Last week, I started a series on Yoga For Everyone. Yoga is a physical practice that can be used for a wide range of applications. Some find the practice intensely spiritual. Others use it strictly for physical fitness or physical therapy. Many engage in the practice somewhere in the middle of the continuum.
Yoga on the Ridge takes a therapeutic approach to Yoga. The owner, Theresa Conroy, is a Yoga Therapist who is doing some really progressive things with it. Most notably, she has the first and (as far as we can find) only class in the Philadelphia area for Parkinson’s patients.
Pairing Yoga with Parkinson’s is an innovative practice but is proving to be a powerful tool. “Because Parkinson’s is a movement disorder, the mindfulness of Yoga helps the brain re-learn as the dopamine neurotransmitters are dying off” Theresa explains. Though formal, clinical studies have not yet been conducted, Theresa has worked with Parkinson’s patients for five years now, and has seen “tremendous results."
For decades, Parkinson’s patients were often told not to move, or were afraid to move for fear of the shaking. The typical progression was one of confinement and deterioration. But now doctors are discovering that exercise is beneficial for Parkinson’s patients. And, since yoga has techniques that teach people to focus their minds as they control the body, it is an especially empowering form of exercise for Parkinson's patients.

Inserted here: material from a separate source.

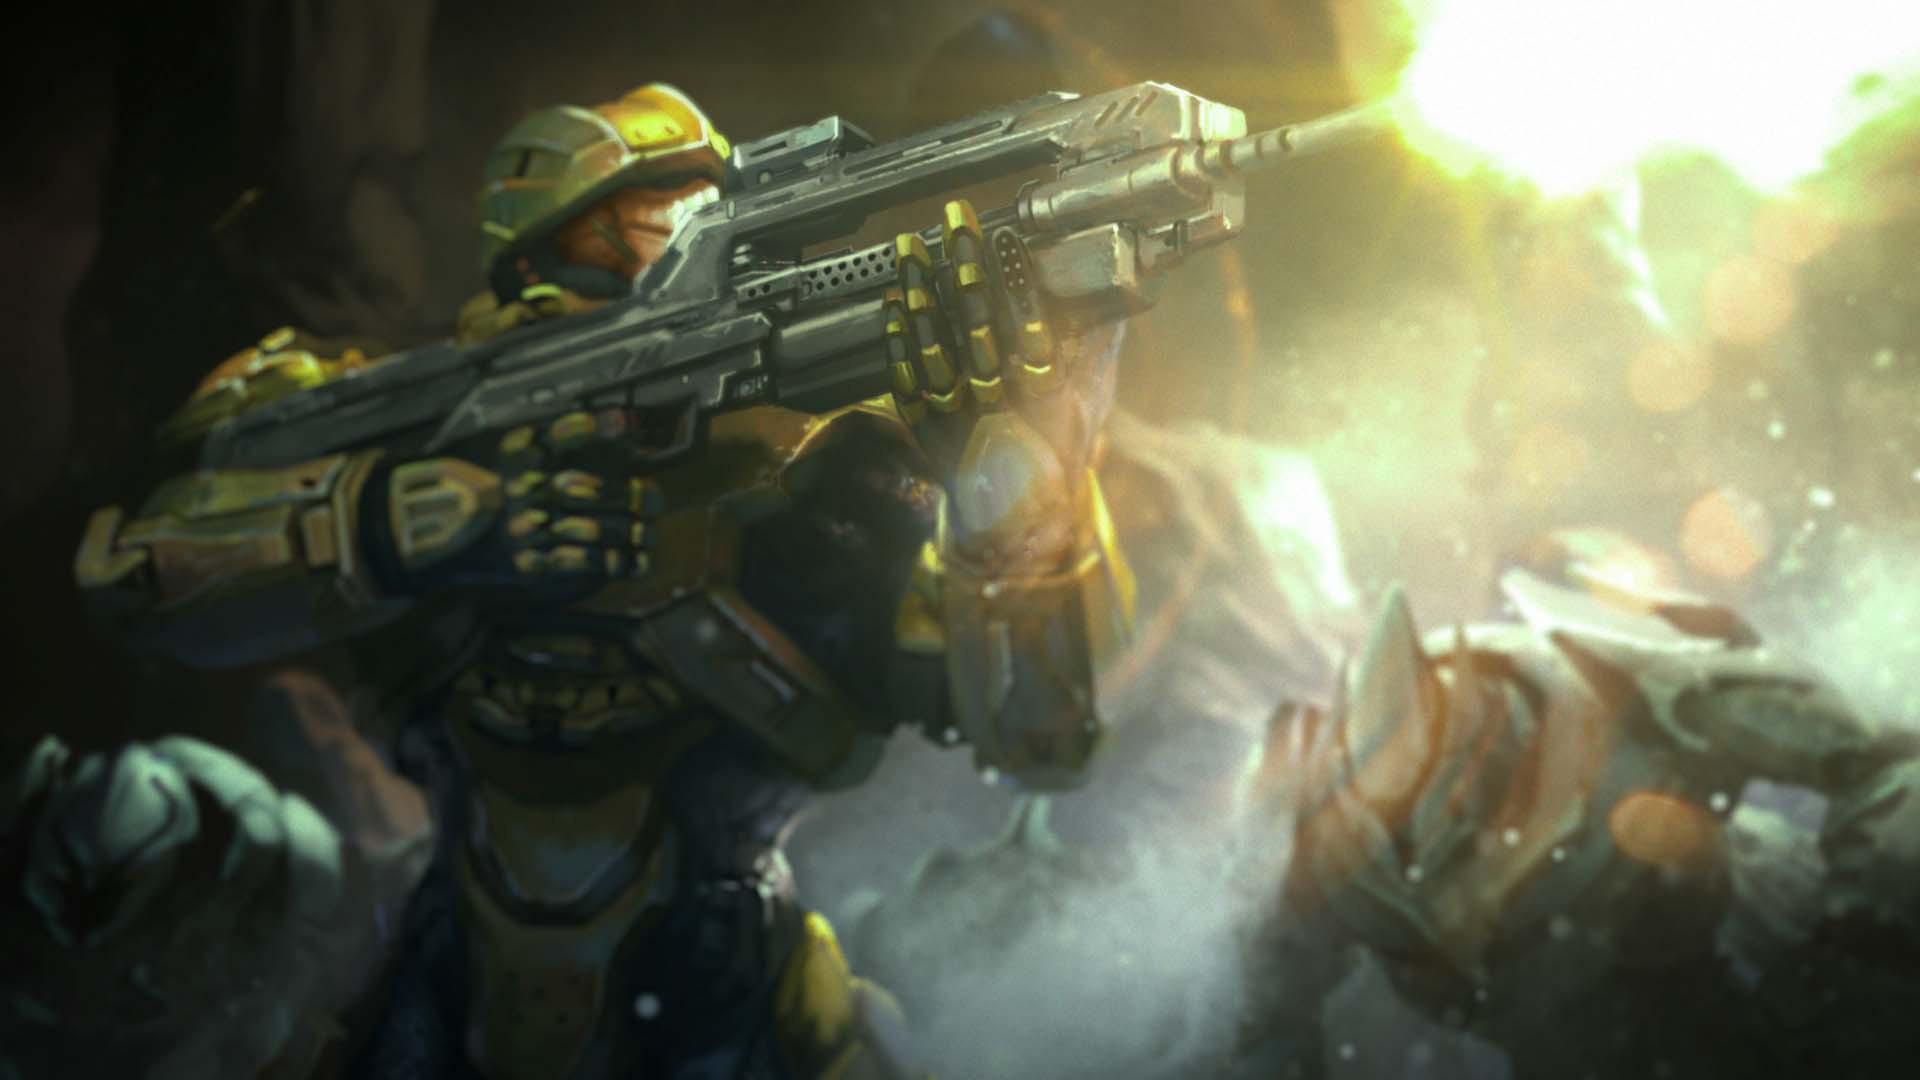 Res: 1920x1080, Halo: Spartan Assault HD Wallpaper 14 - 1920 X 1080

The class takes specific yoga asanas (poses) that are simple but have profound results. Some focus on the limbs, others on the core. One yoga technique for strengthening the abdomen, also helps to strengthen the pelvic floor. Parkinson’s can effect bladder control, so engaging in this exercise can help clients have better control in that area – which can greatly improve quality of life!
I visited Theresa’s class and spoke with one of the participants. He said that involvement with this class has changed his life. He has seen great improvements in his posture, his ability to control his body, and his overall quality of life. Throughout his week he will have “moments when I think, ‘What would Theresa tell me to do now?’ Then, I know what to do and can successfully get through the moment instead of being afraid.”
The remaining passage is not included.